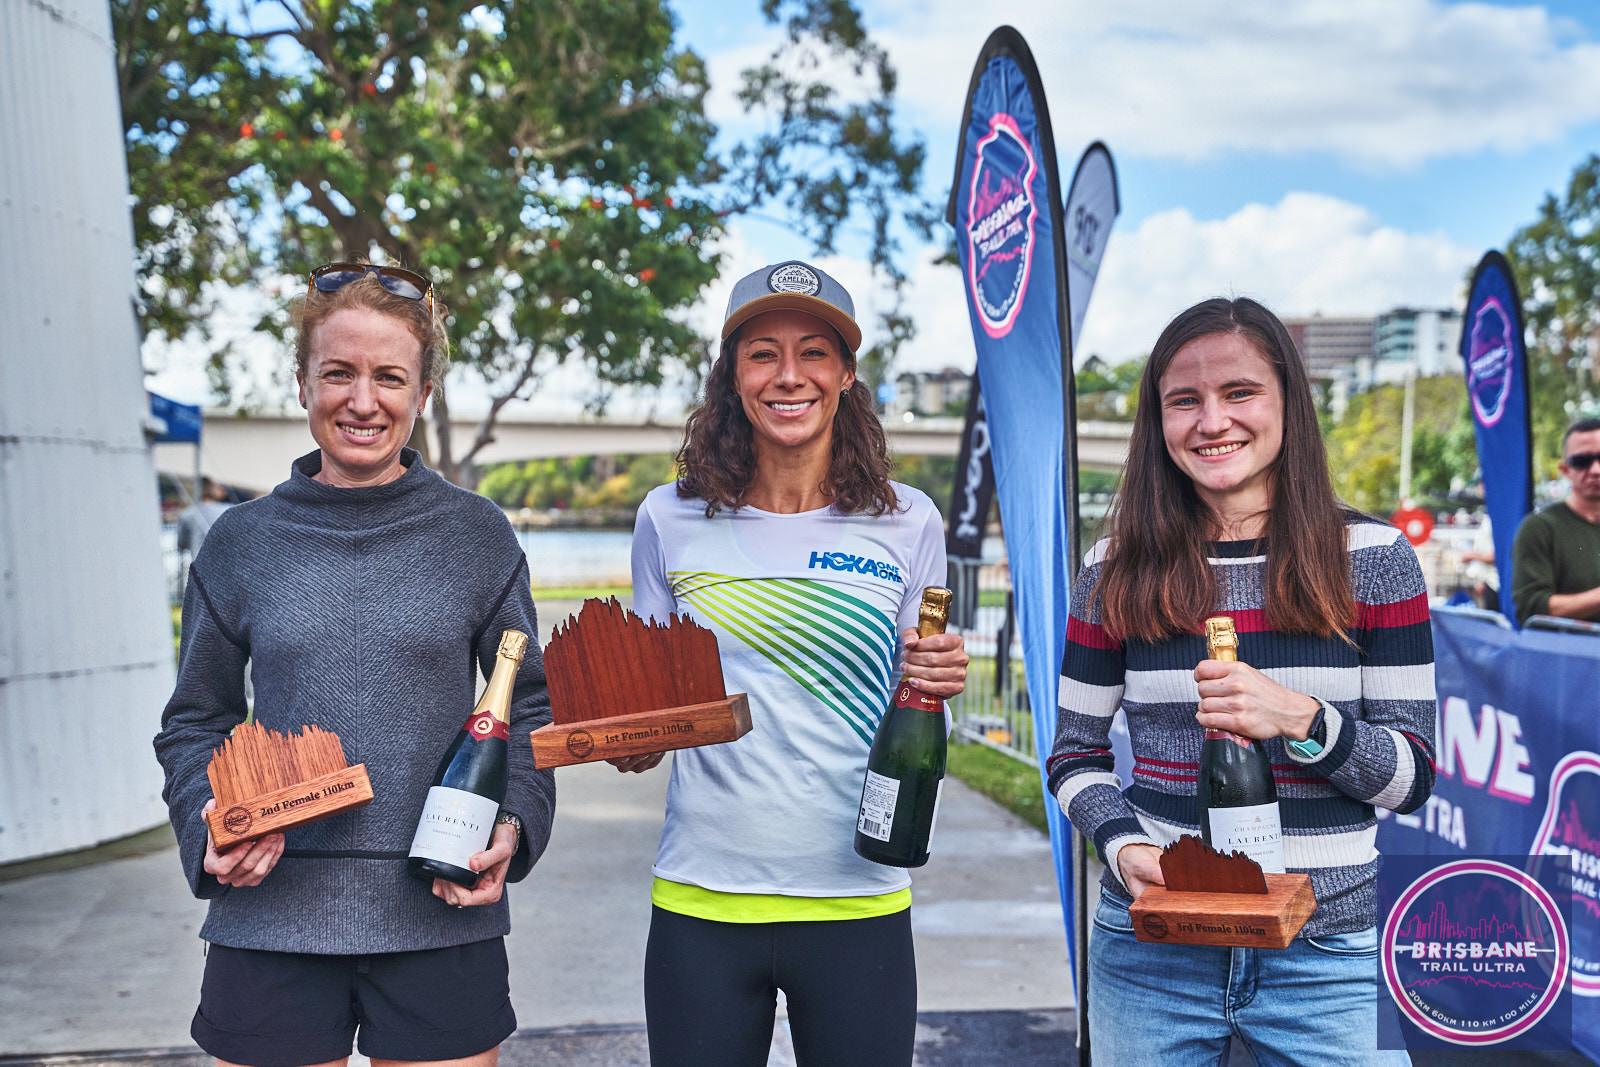 Women's 110km Podium, Jess Schulter 2nd, Kellie Emmerson 1st, Hannah McRae 3rd.
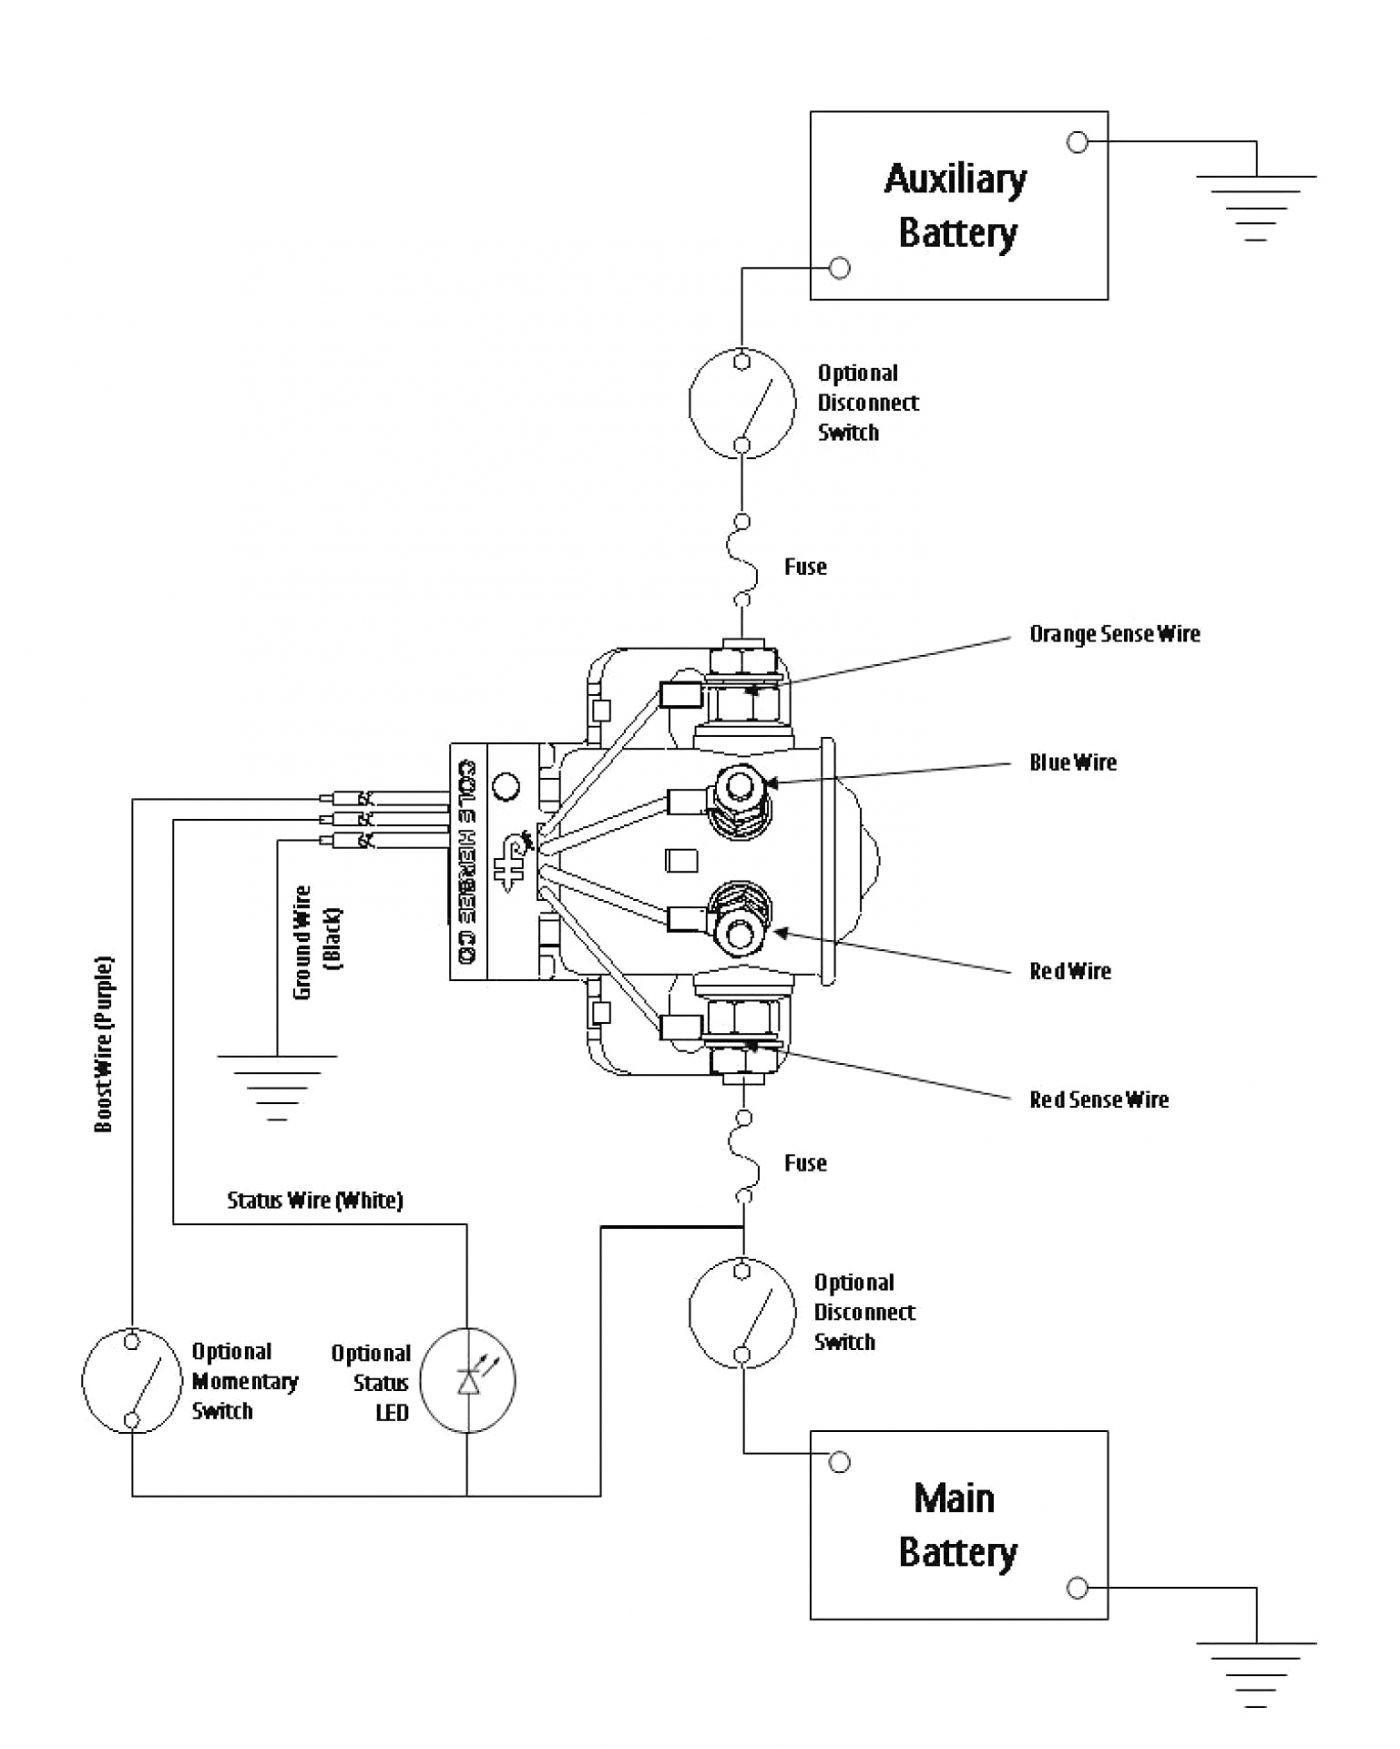 hight resolution of 12v battery isolator wiring diagram awesome wiring diagram image battery solenoid wiring diagram 12v battery disconnect
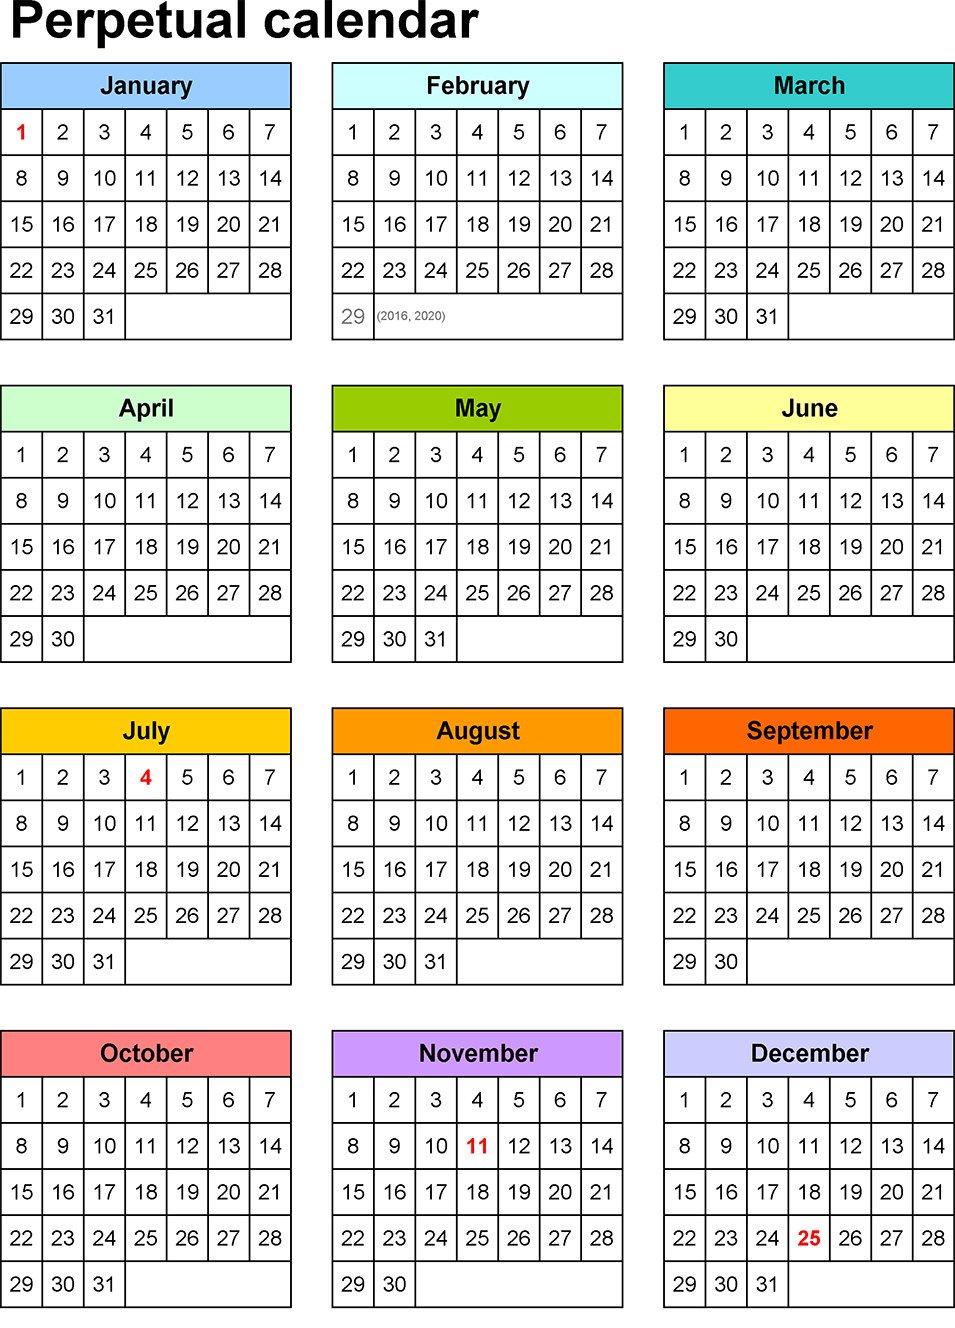 Depo+Provera+Calendar depo provera schedule calendar 2014 Success
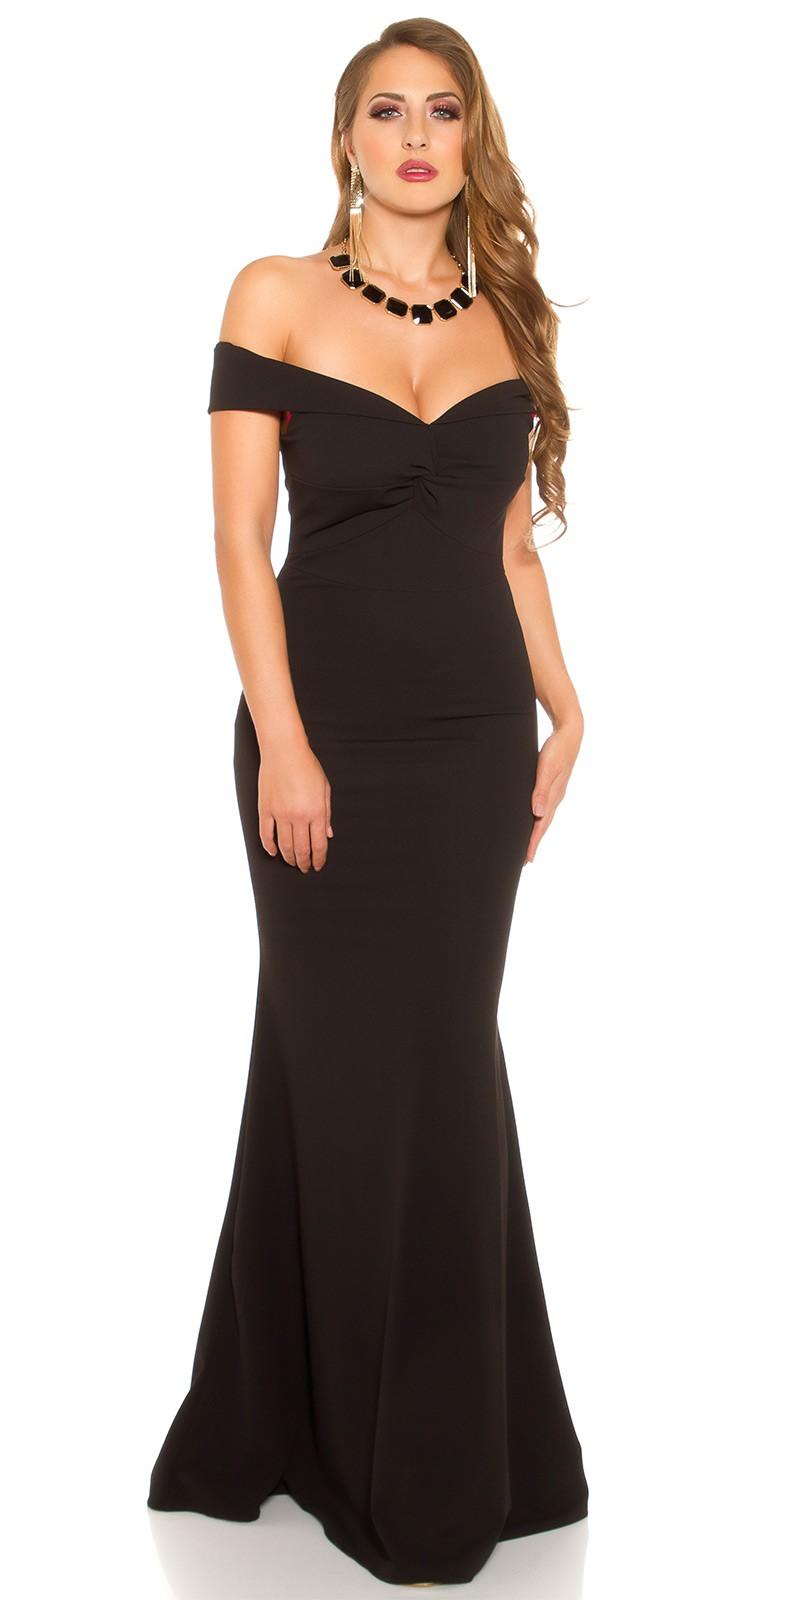 a260c204219d eeRedCarpetLook Evening Gown off shoulder  Color BLACK Size Einheitsgroesse 0000K6039 SCHWARZ 23

# Your goal
Transcribe the material exactly, keeping every word and none of the pictures.

# Output for this task
 Women's 110km Podium, Jess Schulter 2nd, Kellie Emmerson 1st, Hannah McRae 3rd.
 hight resolution of 12v battery isolator wiring diagram awesome wiring diagram image battery solenoid wiring diagram 12v battery disconnect
 Depo+Provera+Calendar depo provera schedule calendar 2014 Success
 a260c204219d eeRedCarpetLook Evening Gown off shoulder  Color BLACK Size Einheitsgroesse 0000K6039 SCHWARZ 23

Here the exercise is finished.